Croquet Panorama
Sidmouth Croquet Club

Sidmouth Croquet Club

Association Croquet


Association Croquet - The Game and how it is played

The equipment: mallet, hoops, balls, and most important - lawn
The equipment: mallet, hoops, balls, and most important - lawn
Association croquet is a challenging and intriguing sport requiring tactical ability, judgment and skill rather than strength and fast reflexes. And to dispel the myth that croquet is a vicious game of hitting your opponent's balls into the shrubbery, any ball leaving the lawn is immediately brought back on to the 'yard' line. The game is played as singles or doubles but in either case the blue and black balls always play against the red and yellow balls. In singles, each player uses both balls, in doubles one each.

The object of the game is to make both balls of your side pass through all the hoops in order and then hit the peg before your opponent. The first hoop has a blue top and the last hoop to be run, 'rover' has a red top. After the sixth hoop, you run the six hoops again in the reverse direction; hence they are named 'one-back, two-back', etc. until the 'penultimate' hoop and finally rover. See diagram for the route. Coloured clips are placed on the hoops to remind players (and show spectators) which hoop has to be run next. They are placed on top for the first time through, on the side for the return journey.

Positioning the ball is a precision operation
Positioning the ball is a precision operation
To begin a game the balls are played onto the lawn one at a time alternately by each side, from either A or B baulk (see diagram below). After that the side can choose which ball to play during each turn.

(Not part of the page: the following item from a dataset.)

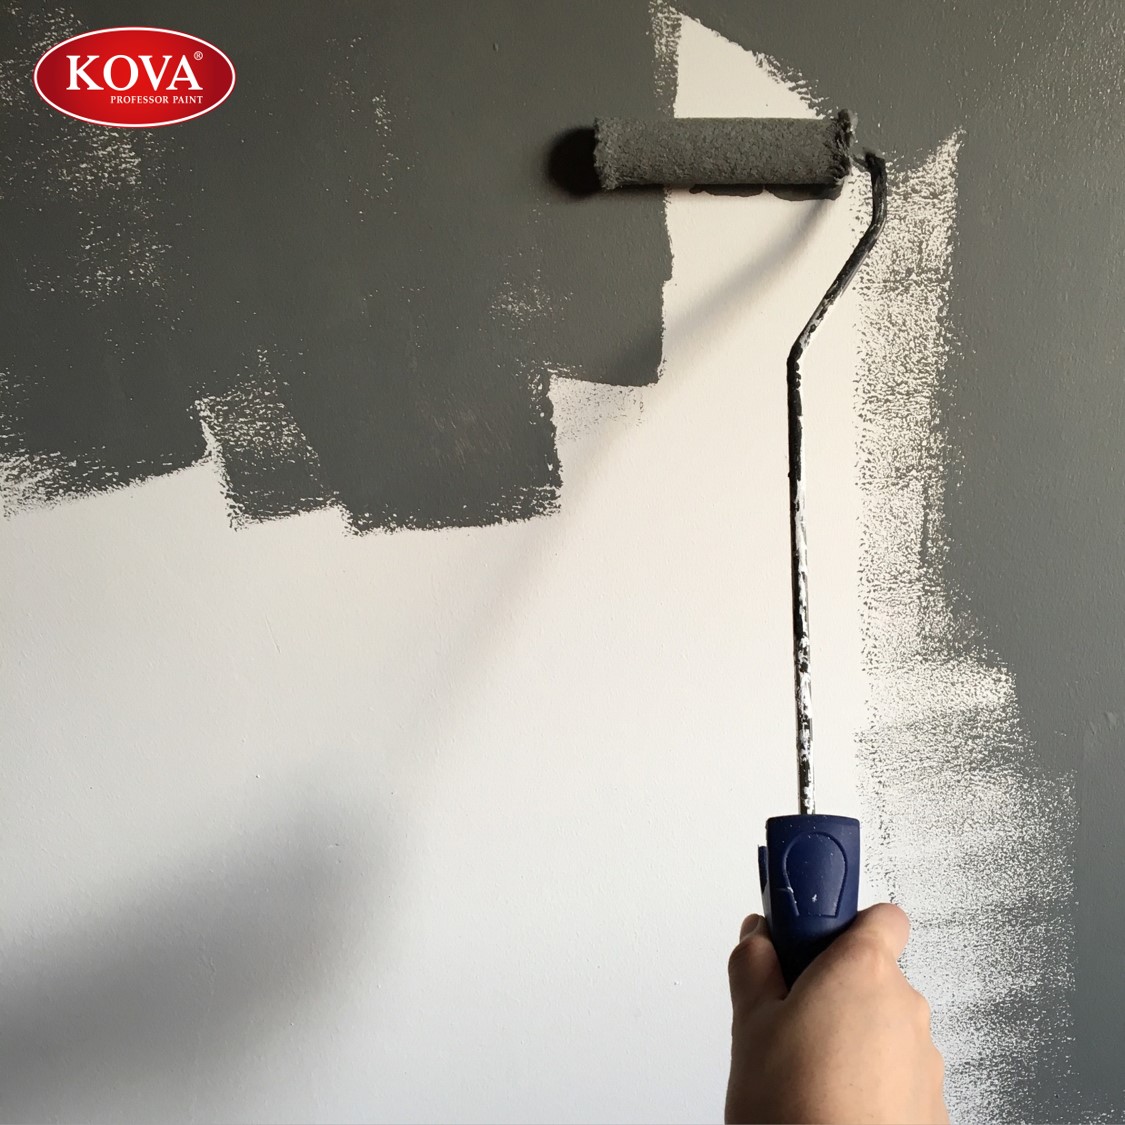 Cách tốt nhất để đảm bảo bề mặt tường của bạn được chống thấm hiệu quả là sử dụng các sản phẩm có chất lượng cao. Hãy xem hình ảnh liên quan để tìm hiểu thêm về các sản phẩm chống thấm tường đáng tin cậy.

At the beginning of a turn a player has only one stroke but, depending on what you do, you may gain extra strokes. If your ball hits another ball it is called a 'roquet' and you earn the right to take 'croquet', the stroke that is unique to the game of Croquet and where the fun really begins.

The croquet stroke is played immediately following a roquet. You pick up your ball and place it touching the ball you have roqueted. You are then entitled to two more strokes. For the first, you strike your ball in any direction you choose, but ensuring that the other ball moves and provided neither ball goes off the lawn you can play a second, or continuation, stroke. The croquet stroke is the most exciting stroke in the game and can be played in numerous ways to control both balls. By varying the angle at which you strike and the degree of force and the follow-through applied a skilful player can send both balls to very accurate destinations which will enable the break to be continued.

Different grips are used for different shots
Different grips are used for different shots
Building a Break is made possible by earning these extra strokes. At the beginning of a turn you may roquet the other three balls and take croquet from them just once but the moment you run a hoop in order you may roquet the all three balls again. Thus it is possible to run several hoops in one turn. Skilful players often run all twelve hoops in one turn; they may even manage to send their partner ball through some of its hoops. This is called 'peeling' and forms an important part of the Advanced form of the game. In case you are thinking this seems too complicated, don't be disheartened, there are simpler forms of the game. Golf croquet, one-ball and short croquet are versions which have their own particular requirements of skill and tactics.